Exercise directions:
Using the records below, write out only the lines from the line containing "is (7. ábra)." up to and including the line containing "Jezus Chrystus i", exactly, with no pictures.

Data to use:
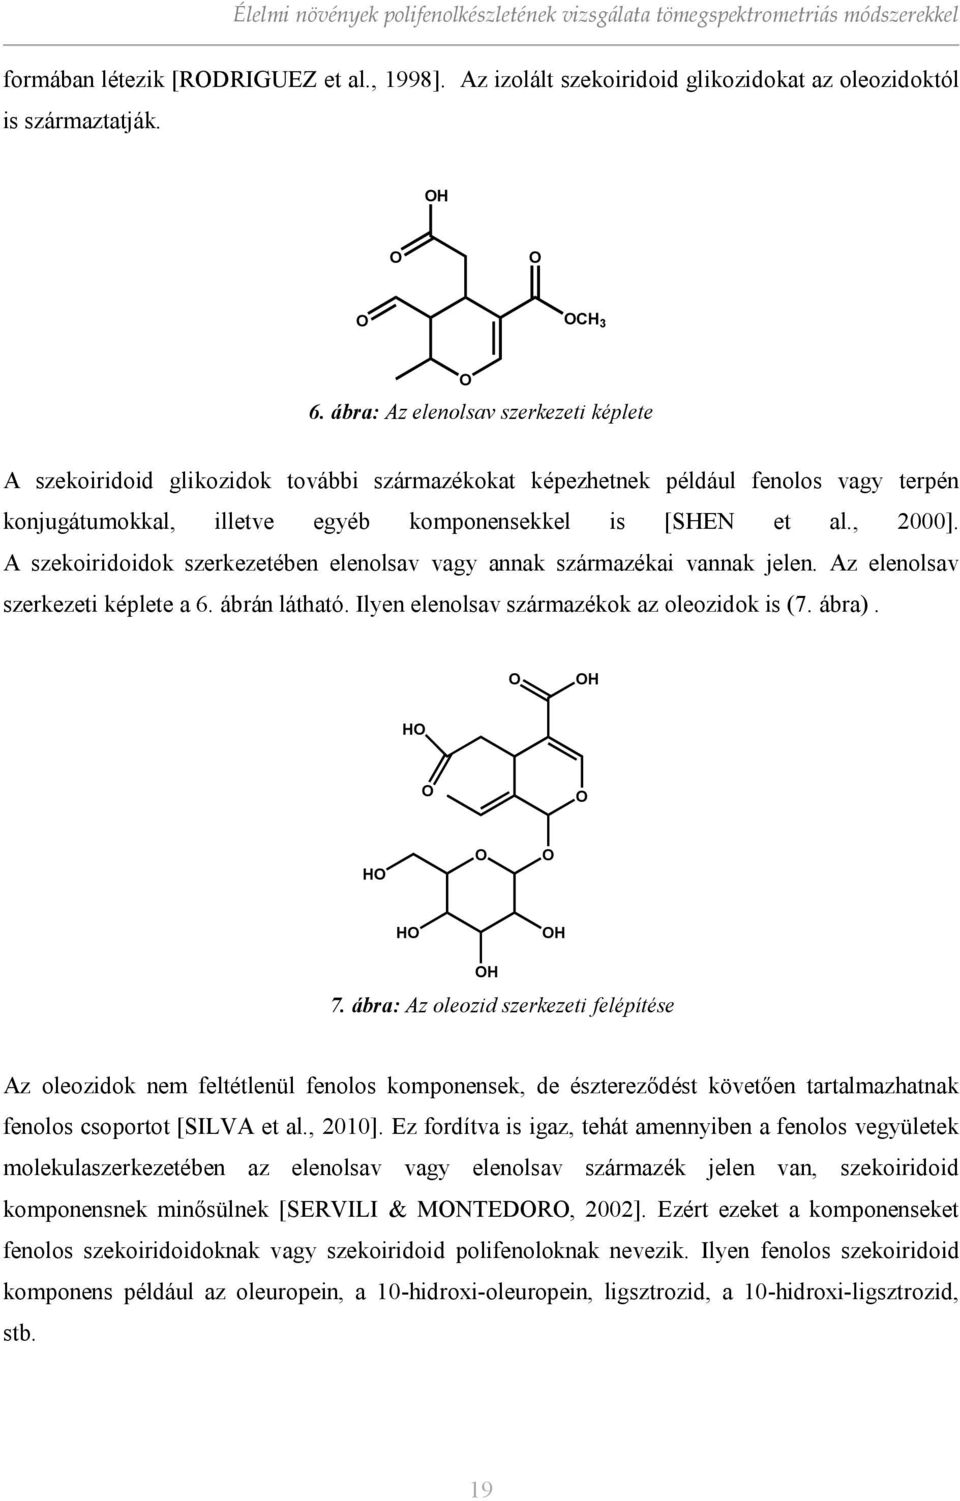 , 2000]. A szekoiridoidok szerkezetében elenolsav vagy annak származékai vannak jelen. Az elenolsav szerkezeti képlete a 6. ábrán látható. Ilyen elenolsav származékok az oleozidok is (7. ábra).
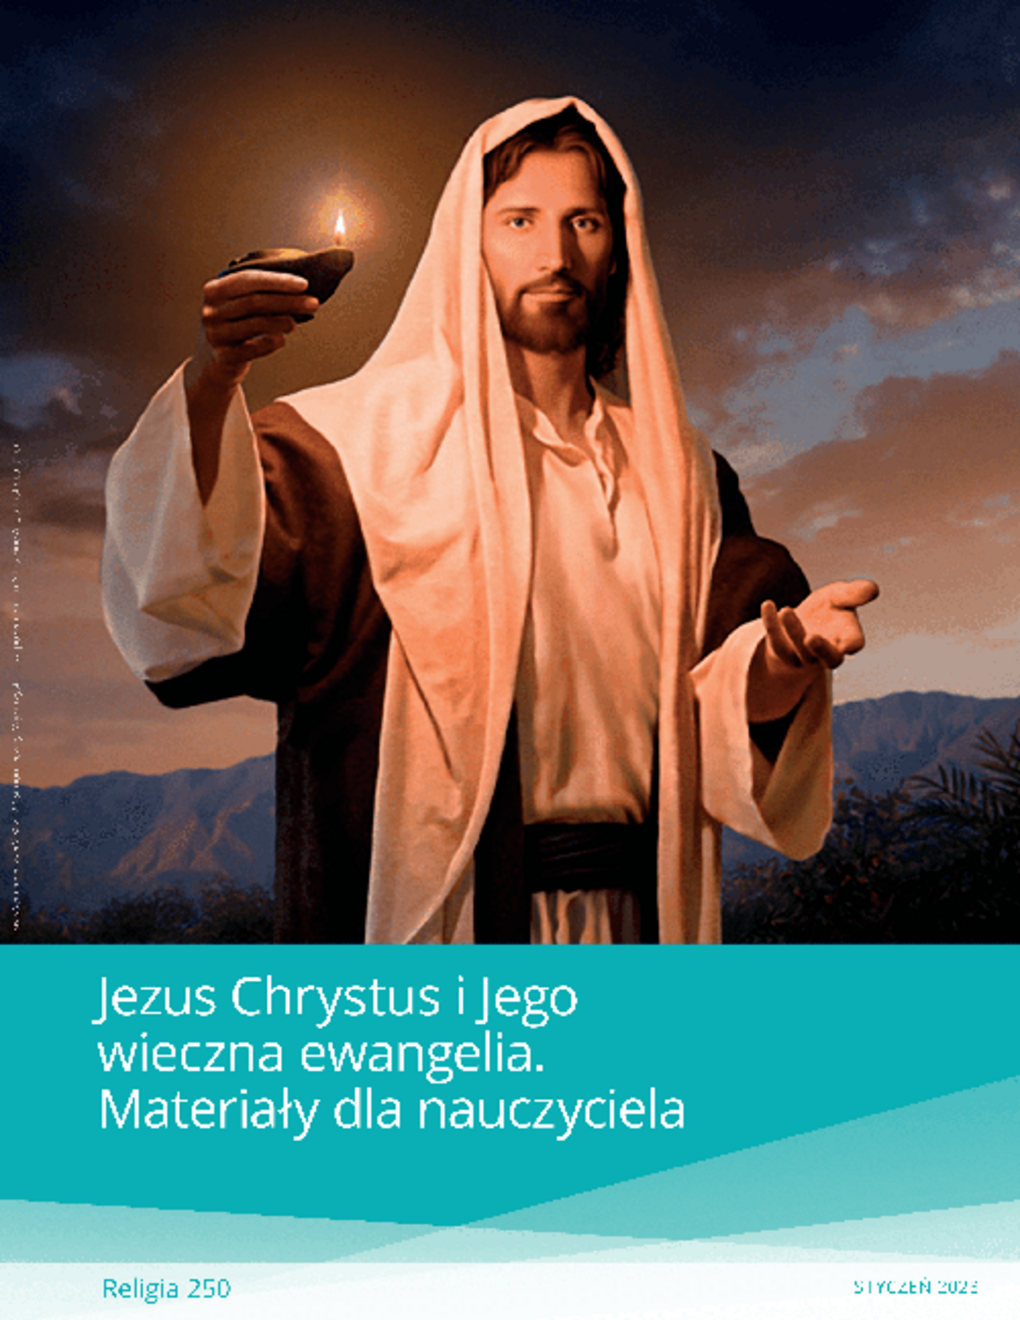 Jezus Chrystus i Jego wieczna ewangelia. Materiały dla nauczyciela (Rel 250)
---
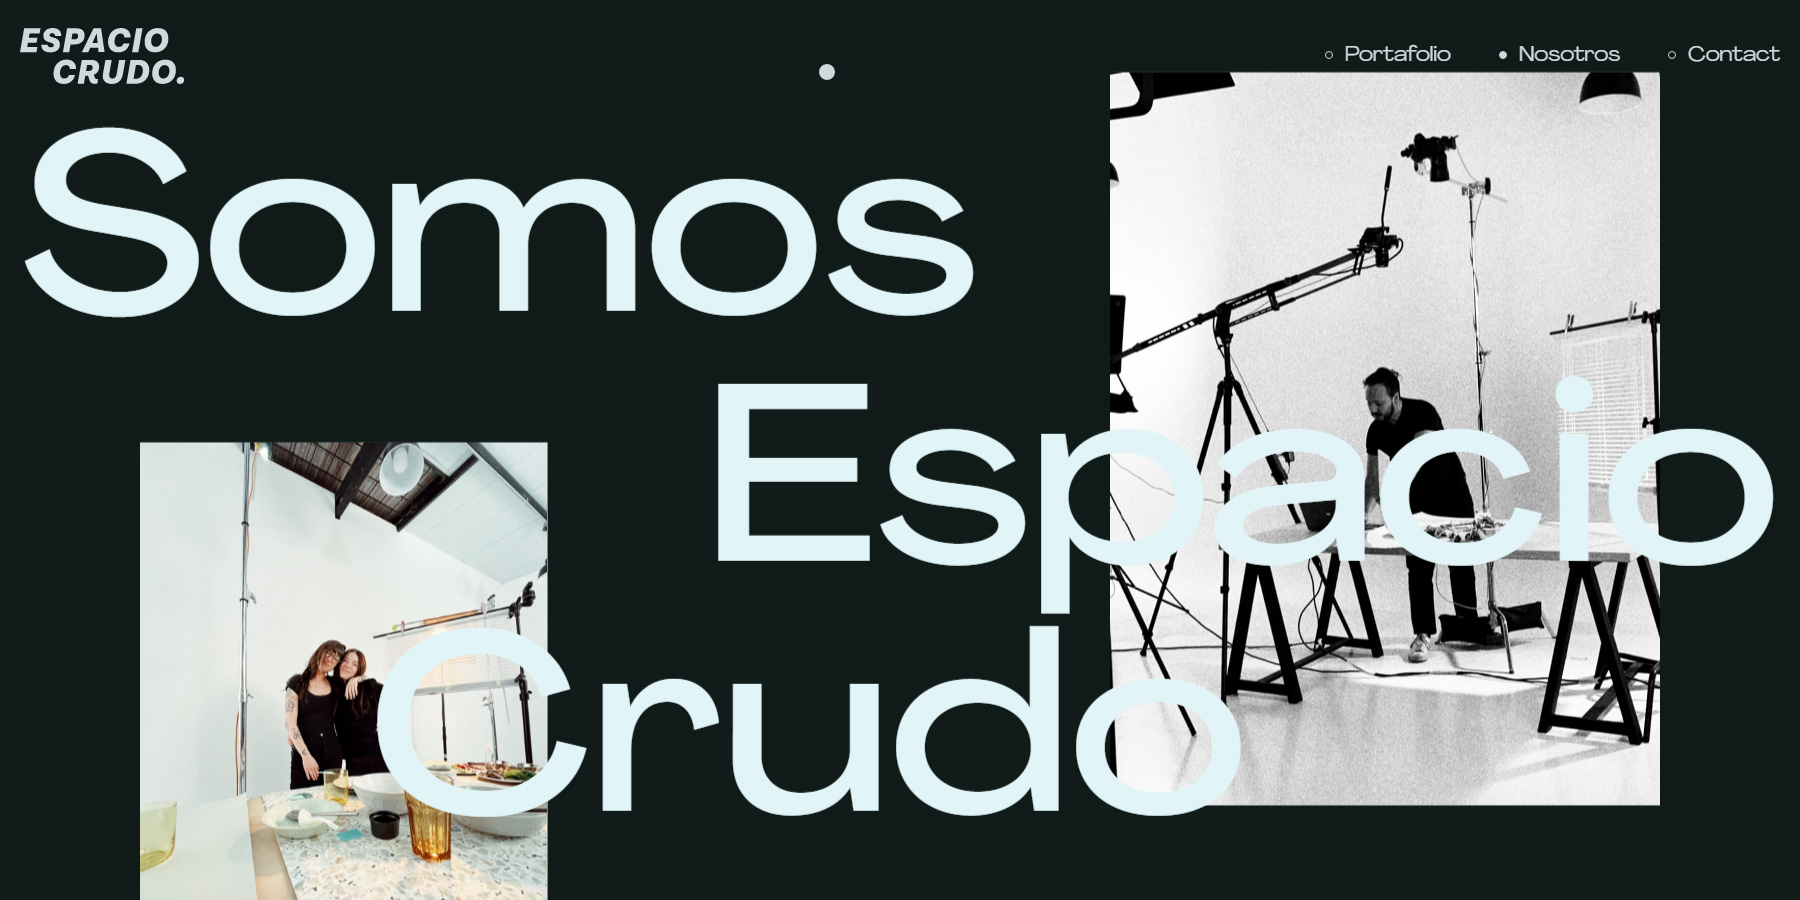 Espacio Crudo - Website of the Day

Completed exercise:
 , 2000]. A szekoiridoidok szerkezetében elenolsav vagy annak származékai vannak jelen. Az elenolsav szerkezeti képlete a 6. ábrán látható. Ilyen elenolsav származékok az oleozidok is (7. ábra).
 Jezus Chrystus i Jego wieczna ewangelia. Materiały dla nauczyciela (Rel 250)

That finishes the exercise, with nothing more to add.